6/10
Unforgivably Compromised
9 April 2013
Warning: Spoilers
The screen output of Gertrude Lawrence was sadly brief and in fact this was her last film role and first since Rembrandt which was 14 years earlier. She never quite registered on screen as she did on stage. Lawrence was terribly disappointed that she did not get to the film version of Lady In The Dark. And a bigger loss was the fact that she did not live to be considered to play Anna in The King And I on screen.

According to Sheridan Morley's biography of Gertrude Lawrence the reviews for her performance were not the best. Sadly she suffered under the same handicap that Joan Crawford did when she did the film version of Rain. People remembered what Jeanne Eagels did on Broadway and Joan just suffered with the comparison.

Critics and theatergoers remembered Laurette Taylor as Amanda Wingfield on the stage and Lawrence just came off second best. Tennessee Williams was totally enthralled by what she did in The Glass Menagerie, maybe his most autobiographical work. I couldn't find what Williams thought of Lawrence, but I did find references to her reviews in Morley's biography of Lawrence.

I found nothing wrong with her. I along with many others had a lot of problems with the forced happy ending that was given the play. Briefly Lawrence lives with her two adult children and she's a stifling and controlling influence. Son Arthur Kennedy rebels, he wants to get out and see and do things and he's succeeded because the play is done in flashback where you see Kennedy working as a seaman. The sea for this Williams's character is a symbol of freedom the way it is with any number of Eugene O'Neill characters.

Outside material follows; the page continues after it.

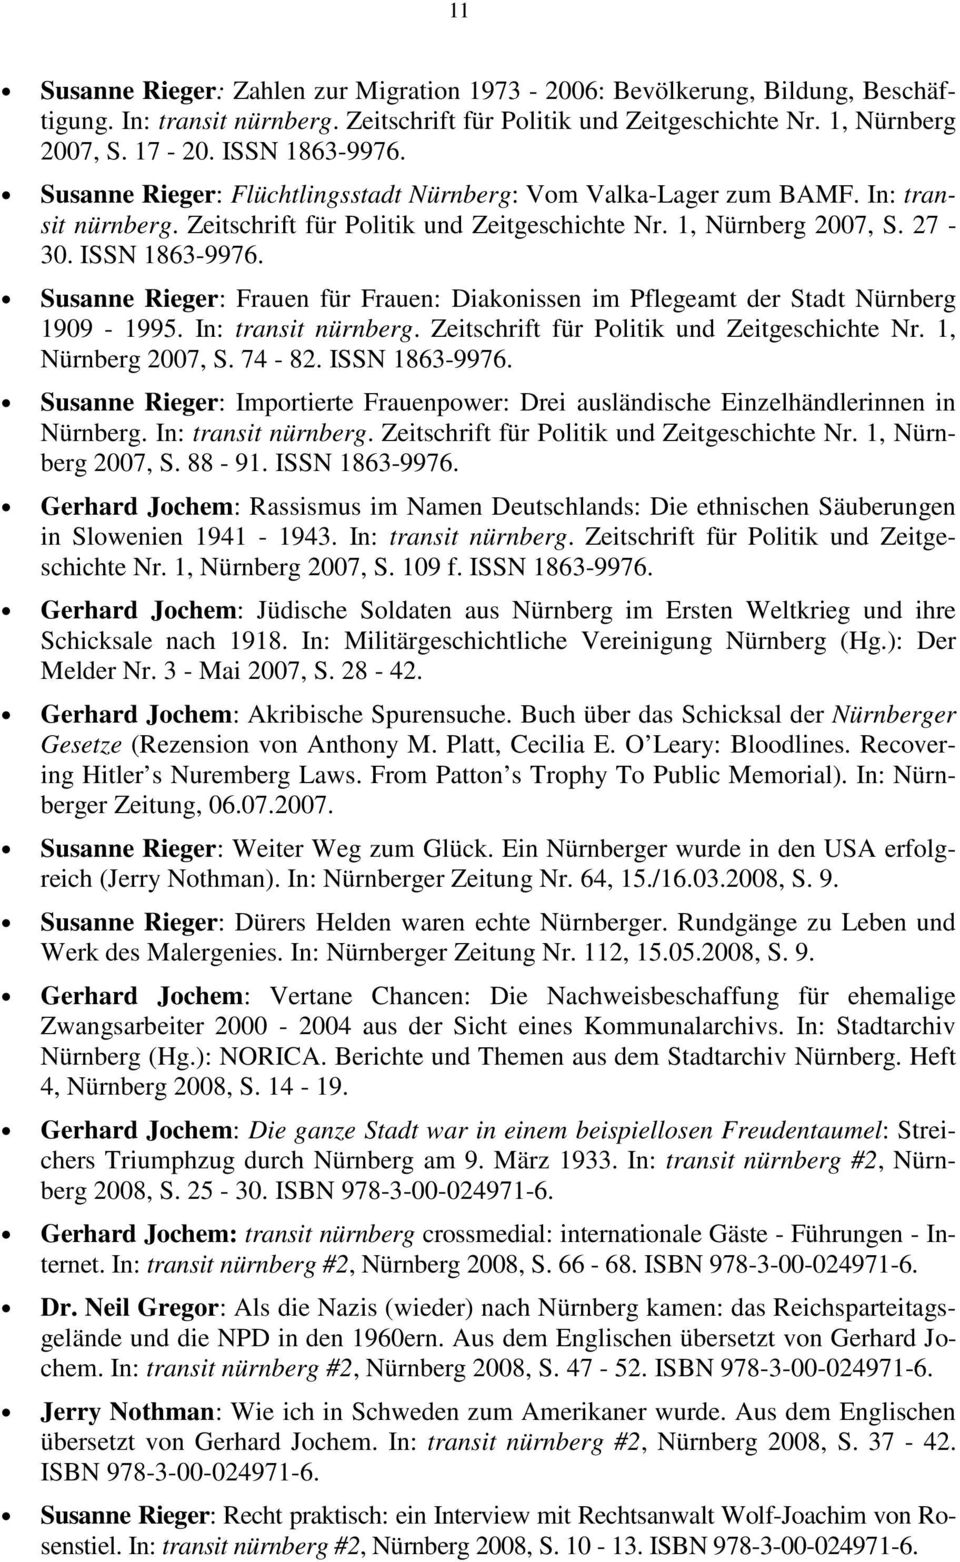 Susanne Rieger: Frauen für Frauen: Diakonissen im Pflegeamt der Stadt Nürnberg 1909-1995. In: transit nürnberg. Zeitschrift für Politik und Zeitgeschichte Nr. 1, Nürnberg 2007, S. 74-82.

We know already what has happened to Kennedy. His sister is beautifully played by Jane Wyman, it's a strong echo of her performance in Johnny Belinda where she plays another fragile character. Wyman is totally dominated by Lawrence who has good reason to be worried that Kennedy is going to leave, she gets Wyman to take some typing class where she can gain secretarial skills and support her in her old age. Wyman can't leave the nest though. Her whole world revolves about a series of glass figurines that she treats as living pets, her Glass Menagerie. Part of her problem is that she is slightly lame, not mentioned, but more than likely from childhood infantile paralysis for which there was no cure yet.

Lawrence is forever taking about all the beaus she had as a young southern belle, not unlike Blanche Dubois from that other Tennessee Williams classic, A Streetcar Name Desire. If Wyman won't be a career woman than we have to get her married off.

After a lot of pressure Kennedy brings home one of his co-workers, Kirk Douglas. Douglas who has great screen charm and sometimes it is used with some of the biggest heels he's played on screen is a genuinely nice person here who even remembers the shy and diffident Wyman from high school. Sad to say he has to let her down even in a gentle way.

It's what happens after that is the difference. In the play both Lawrence and Wyman's character are doomed as Kennedy just reaches for his freedom. There is some indication that Wyman may wind up in some asylum. In this film the indications are that Wyman will now have developed some self assurance, something Williams never meant for his character.

I think Gertrude Lawrence's performance can stand up to others in her character. But the play itself was unforgivably compromised.